▶ [WHAT IS REQUIRED]: Each entry below should be given again exactly; the pictures stay out.

[Stored entries]

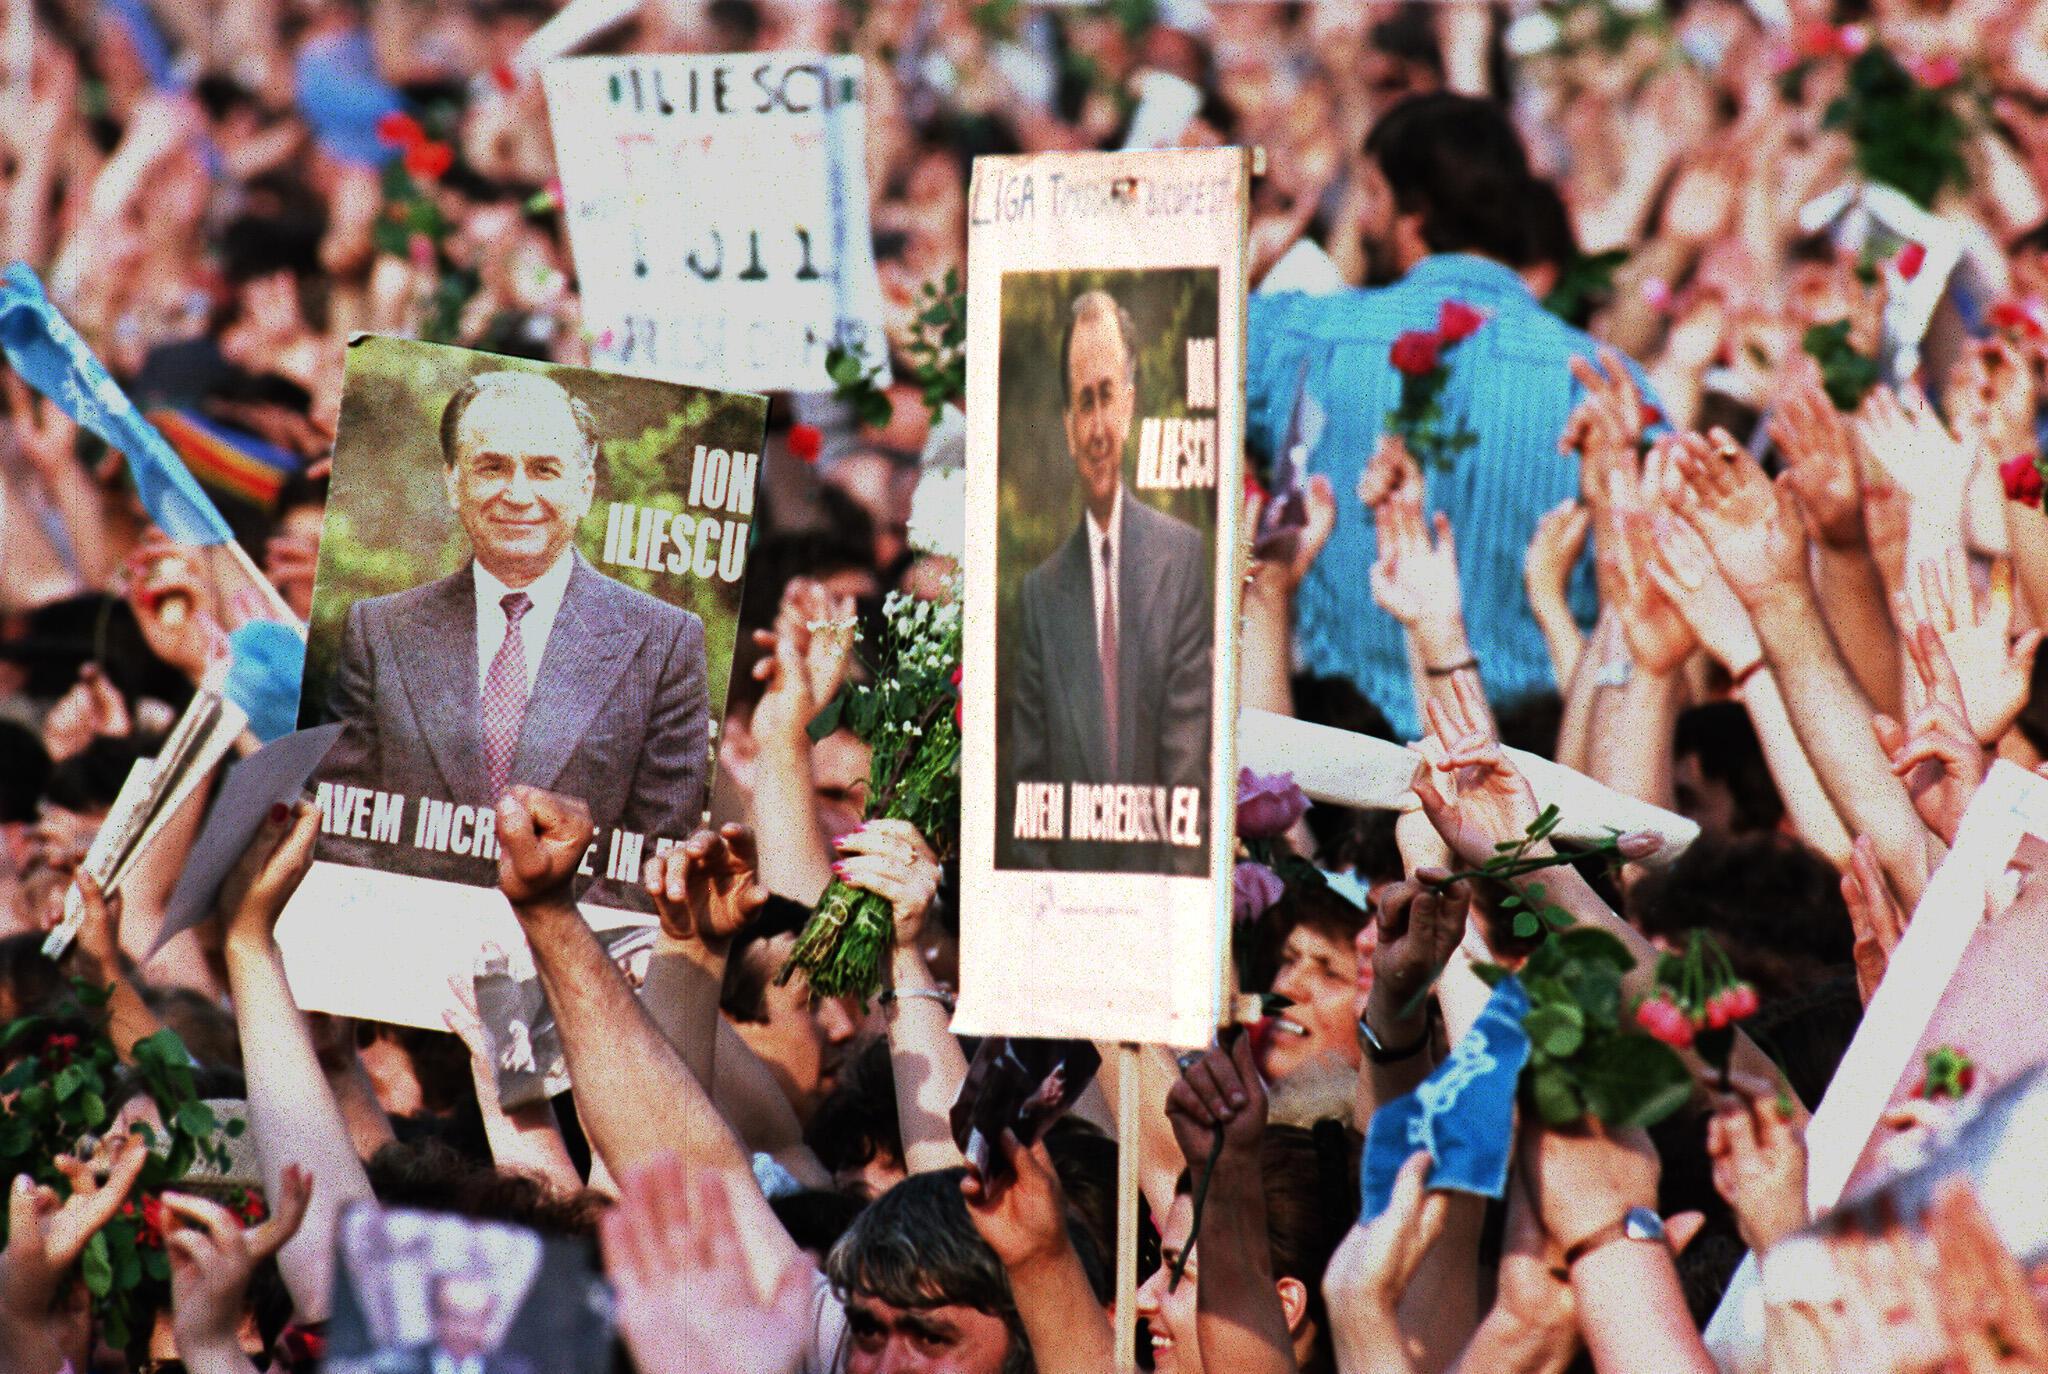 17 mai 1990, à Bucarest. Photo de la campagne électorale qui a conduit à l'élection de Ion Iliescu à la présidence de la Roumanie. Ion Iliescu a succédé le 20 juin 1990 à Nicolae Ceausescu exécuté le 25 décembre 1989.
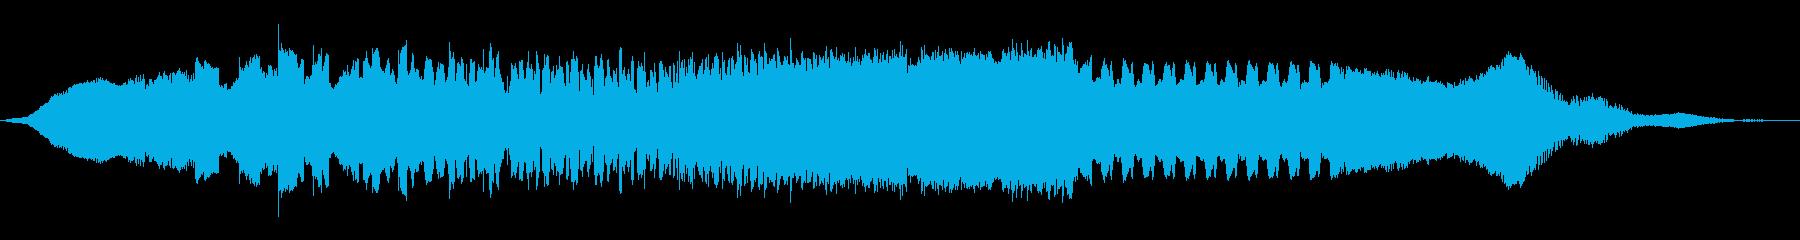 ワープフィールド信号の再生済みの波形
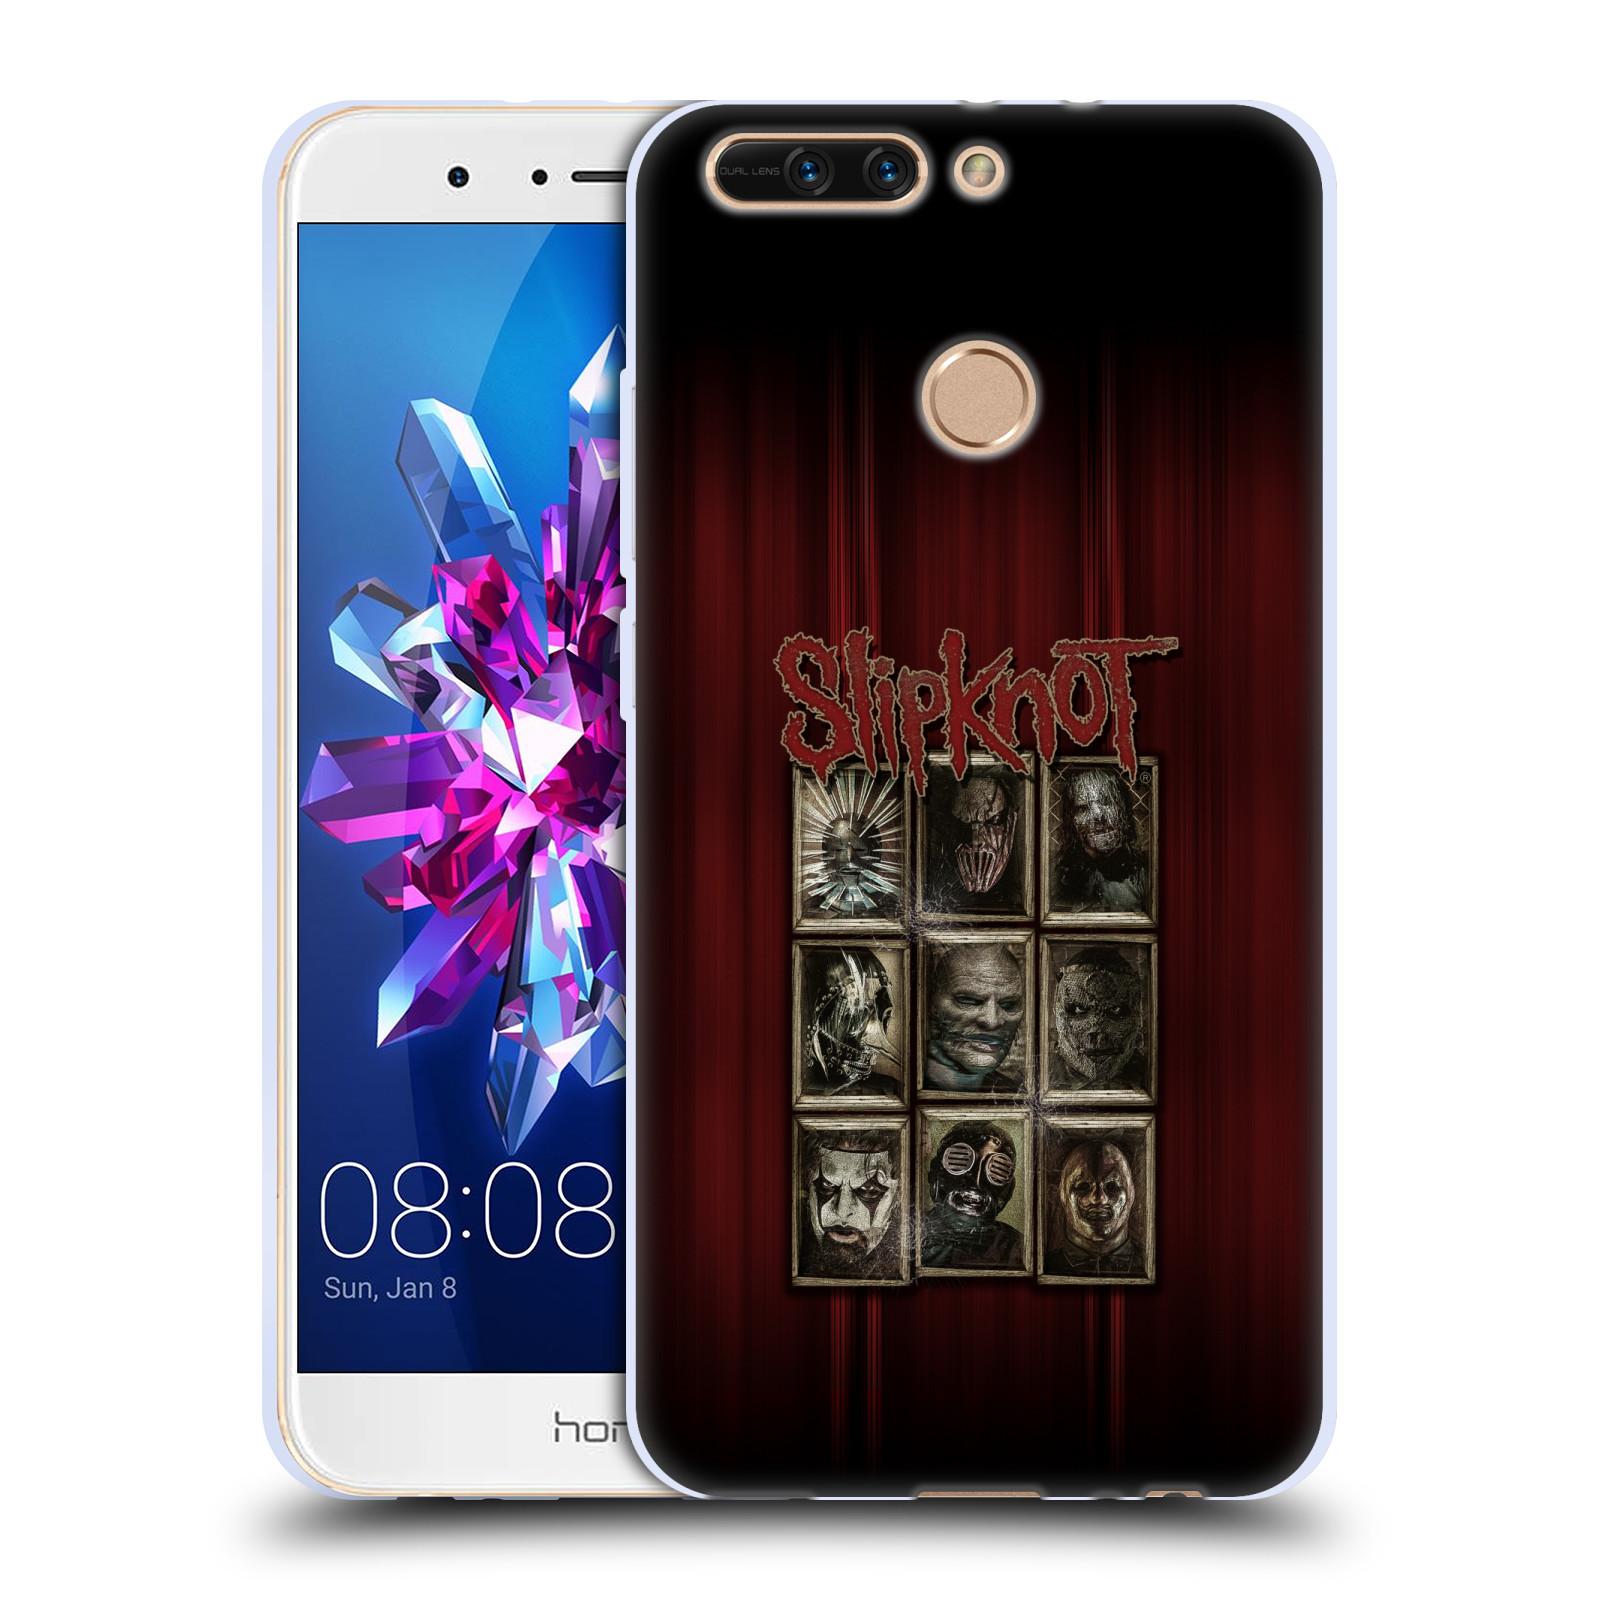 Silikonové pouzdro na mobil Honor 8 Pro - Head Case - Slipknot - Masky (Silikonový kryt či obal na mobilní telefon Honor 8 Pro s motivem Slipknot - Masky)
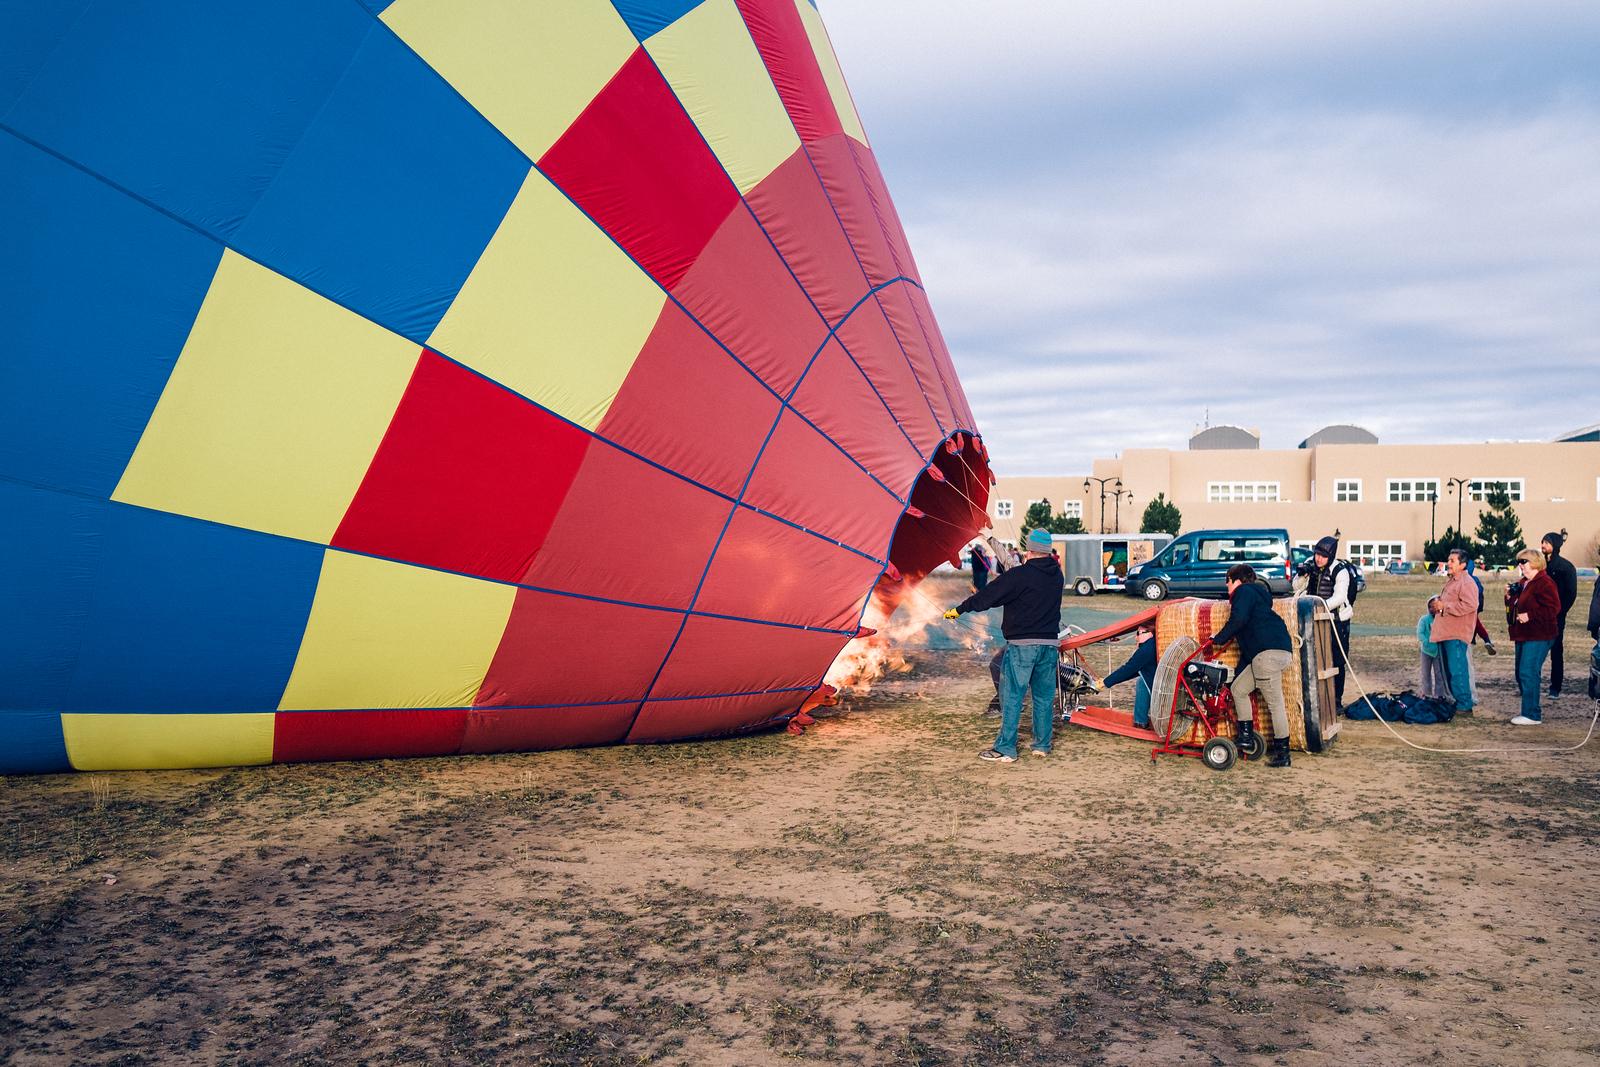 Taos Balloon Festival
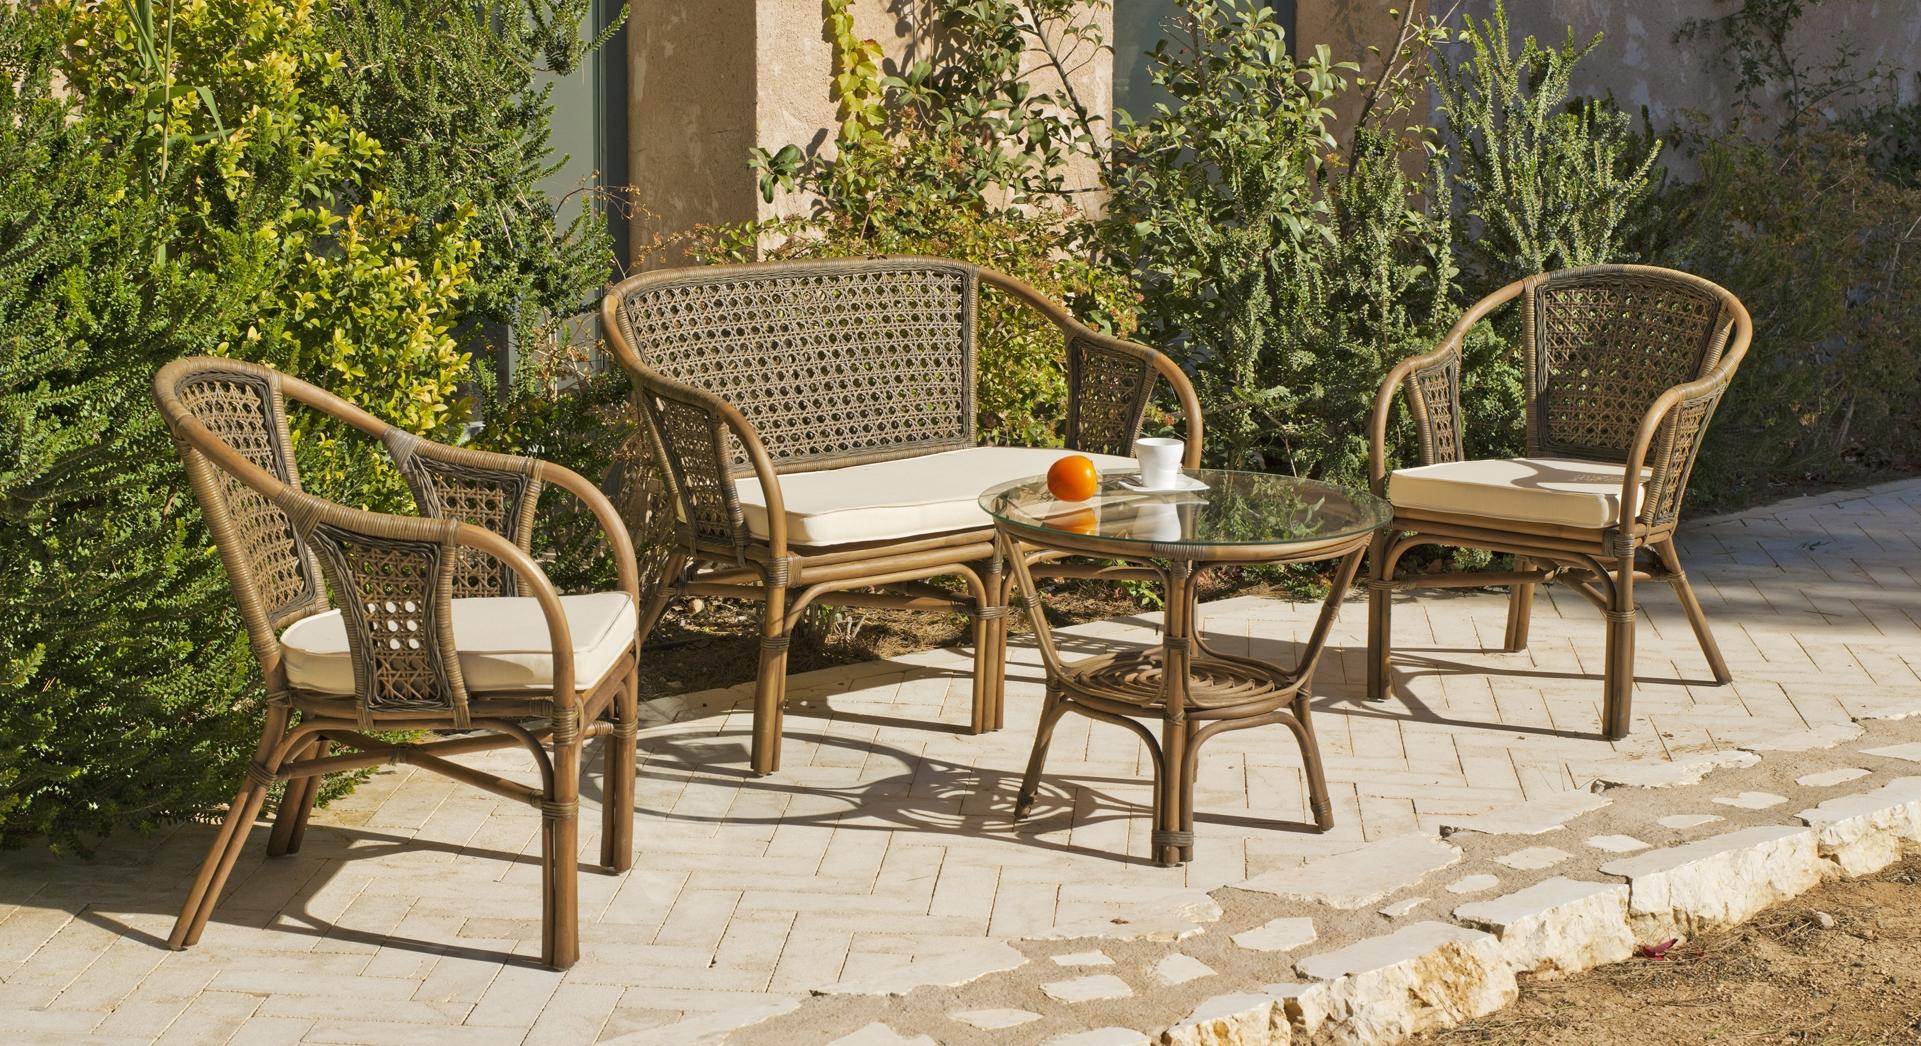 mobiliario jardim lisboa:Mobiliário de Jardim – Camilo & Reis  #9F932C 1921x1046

▶ [WRITTEN RESPONSE]:
 17 mai 1990, à Bucarest. Photo de la campagne électorale qui a conduit à l'élection de Ion Iliescu à la présidence de la Roumanie. Ion Iliescu a succédé le 20 juin 1990 à Nicolae Ceausescu exécuté le 25 décembre 1989.
 ワープフィールド信号の再生済みの波形
 Silikonové pouzdro na mobil Honor 8 Pro - Head Case - Slipknot - Masky (Silikonový kryt či obal na mobilní telefon Honor 8 Pro s motivem Slipknot - Masky)
 Taos Balloon Festival
 mobiliario jardim lisboa:Mobiliário de Jardim – Camilo & Reis  #9F932C 1921x1046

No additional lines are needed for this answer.